# Best lab for southern ca?



## Krs1 (Apr 2, 2020)

Thanks for looking, I'm in southern ca near the beach and about to do my first soil test, I used Logan labs for my old lawn. Is that ok or is there a preferred test/ lab?


----------



## Ridgerunner (May 16, 2017)

Use any lab listed in the NAPT/PAP list https://thelawnforum.com/viewtopic.php?t=7162 for assured quality. If your pH is less than 7, ask for M3, if it's above 7 ask for ammonium acetate and Olsen phosphorous testing. Logan is a pain to convert to ppm, so it's not ideal.

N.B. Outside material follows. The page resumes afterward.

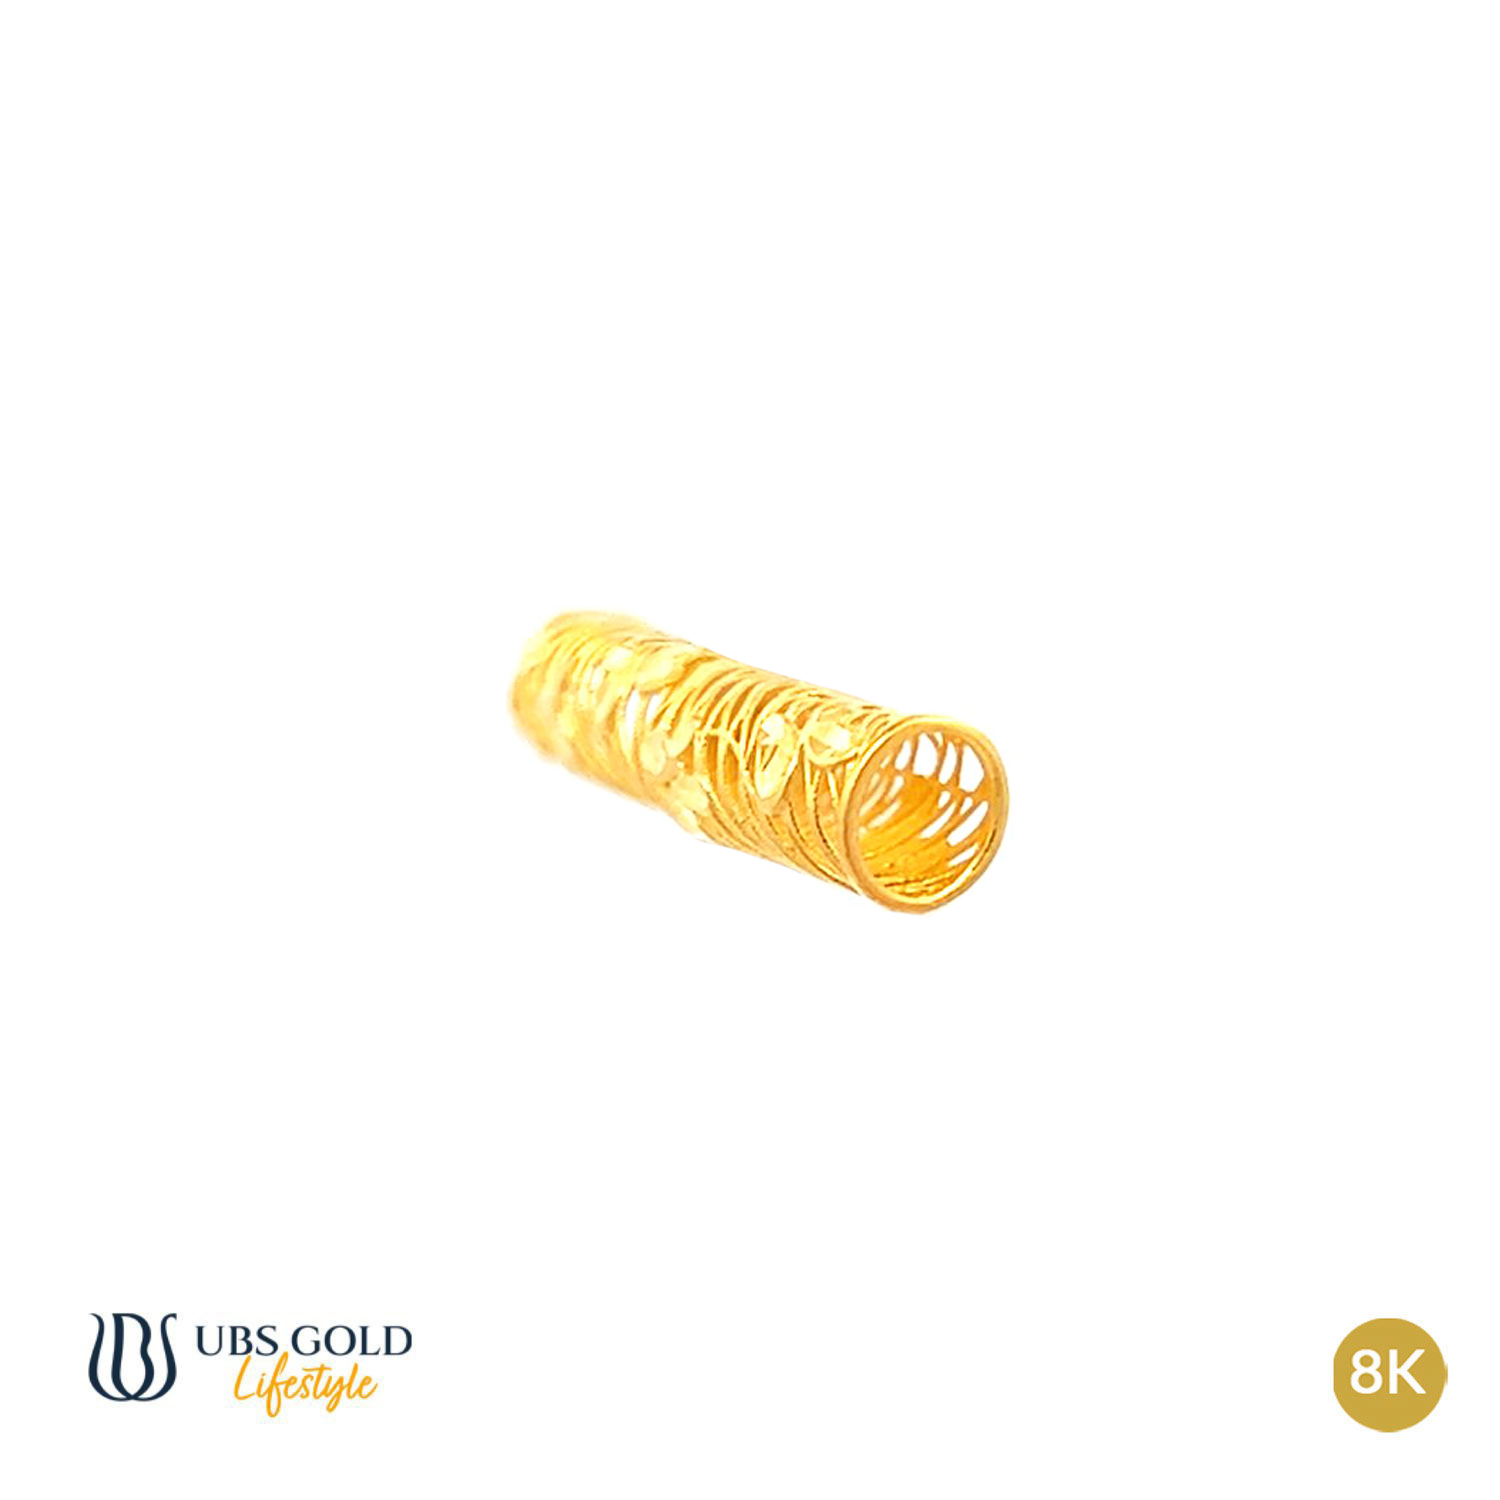 UBS Gold Liontin Emas Sakura - Cdm0054 - 8K

If you want recommendations from the lab, use a local lab.


----------



## Ridgerunner (May 16, 2017)

https://www.naptprogram.org/pap


----------



## Krs1 (Apr 2, 2020)

Awesome I will take a look, how do I find out my ph with out a test?


----------



## Ridgerunner (May 16, 2017)

That is a bit of a conundrum. You could aquire limus paper and de-ionized or distilled water and DIY. You could contact a local university extension and inquire for your location (but due to the construction of the allotment, that may not be valid) or you could have the lab use AA testing and request that they test for P using either Bray or Mehlich 3 and also Olsen for an additional fee.
Example: Midwest has a SC3 complete test that uses AA and Bray for 25.50. For a dollar more, they will add the Olsen test.


----------



## Krs1 (Apr 2, 2020)

ok, this is a lot to tale in lol


----------



## Krs1 (Apr 2, 2020)

On the list provided above I am going to choose the closest lab to me in fresno. There is no sampling instructions for sampling for residential lawns, they all seem to be for agriculture with depths up to 12+ inches. Do i still send my sample for 4"?


----------



## Ridgerunner (May 16, 2017)

All quality labs use the same extraction methods (some may just specialize in one, some offer a variety). I would suggest you select your lab based on price as the results of a TENN lab using M3 extraction will be just as accurate and valid as a WA that uses M3, the only difference will be the price. The labs on the west coast tend to be more expensive due to regionally high cost of living and higher wages. Depth of sample shouldn't make a difference, but I'd need to review their site/test battery to know for sure. It would appear you have selected a specialty lab that targets agriculture. I would suggest you use Ward, Midwest, the non-listed Wayside or if you insist on "local", A&L Western. Do call a couple of labs and check on their fees and compare prices and test batteries before ordering. Per above, you want something like the Midwest SC3 with the Olsen P test added for $26.50.


----------



## Krs1 (Apr 2, 2020)

Ok I'll do a little more digging thank you


----------